Project Titan —

Prominent ex-Tesla self-driving car exec leaves Apple for greener pastures

CJ Moore will join lidar company Luminar to lead software development.

A building at Apple Park, the company's Cupertino, California, HQ.
Enlarge / A building at Apple Park, the company's Cupertino, California, HQ.
Apple

Apple has reportedly been working on self-driving car technology since 2014, but it has faced a series of prominent employee departures over the past year. As reported Wednesday by Bloomberg, the latest is CJ Moore, who had only just joined the company last August.

Before joining Apple, Moore was Tesla's director of autopilot, where he worked on self-driving cars even as he contradicted Tesla CEO Elon Musk's bold timeline for the project when speaking with California regulators. It's unclear exactly what Moore's work has been at Apple since joining the company.

In any case, he's now moving to lidar company Luminar Technologies, which has been aggressively hiring prominent directors and executives from tech and automobile giants. At Luminar, Moore will lead the global software development for lidar-based features to ensure passengers' safety in autonomous vehicles.
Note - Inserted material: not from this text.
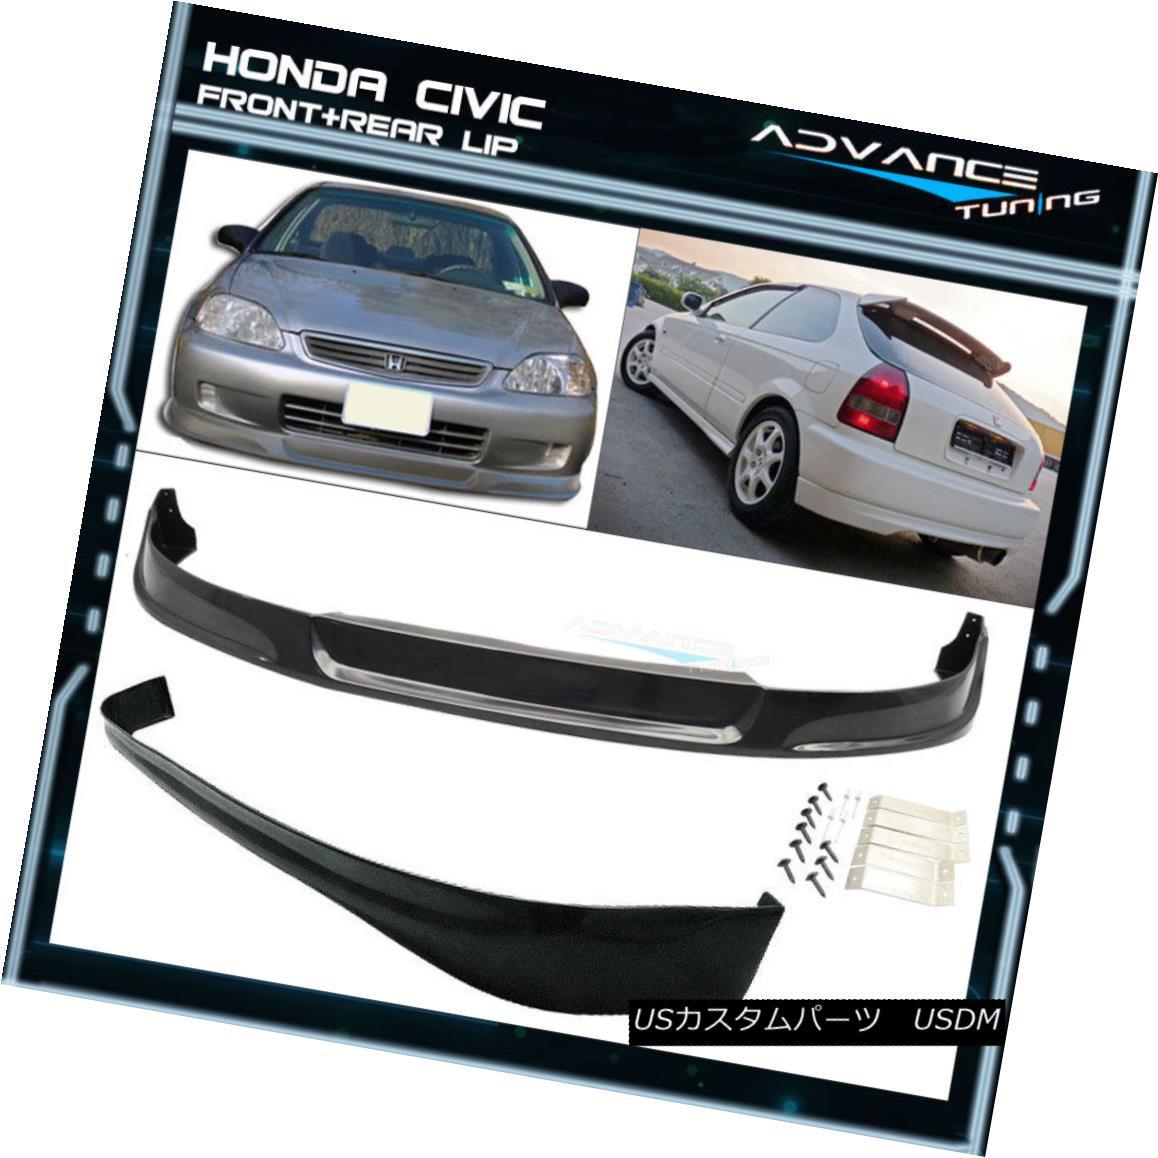 エアロパーツ For 99-00 Honda Civic EK 3Dr Concept Sport Front + Rear Bumper Lip Spoiler PU 99-00ホンダシビックEK 3Drコンセプトスポーツフロント+リアバンパーリップスポイラーPU

Bloomberg notes that "nearly the entire Apple Car management team" has left Apple over the past two years. The other notable departures included project lead Doug Field, who left to join Ford last year. Apple technology VP Kevin Lynch, who worked at Adobe before joining Apple in 2013, reportedly now runs Apple's car project, which is internally dubbed Project Titan.

While much of Apple is focused on the iPhone and other products and services in its periphery, Project Titan is one of Apple's two largest efforts to develop a new product category that could be as successful and disruptive as the iPhone's introduction.

The other effort is in mixed reality. Apple is reportedly working on VR and AR glasses, which recent behind-the-scenes reports claimed were partly born out of an acquisition of a company that made sensing technology for autonomous vehicles.

Both Project Titan and the mixed reality project have seen many bumps in the proverbial road, as is often the case for major new R&D projects in the tech frontier. Apple is said to be in the early stages of development for self-driving cars, but multiple recent reports have claimed that the company's first mixed reality glasses are moving toward release.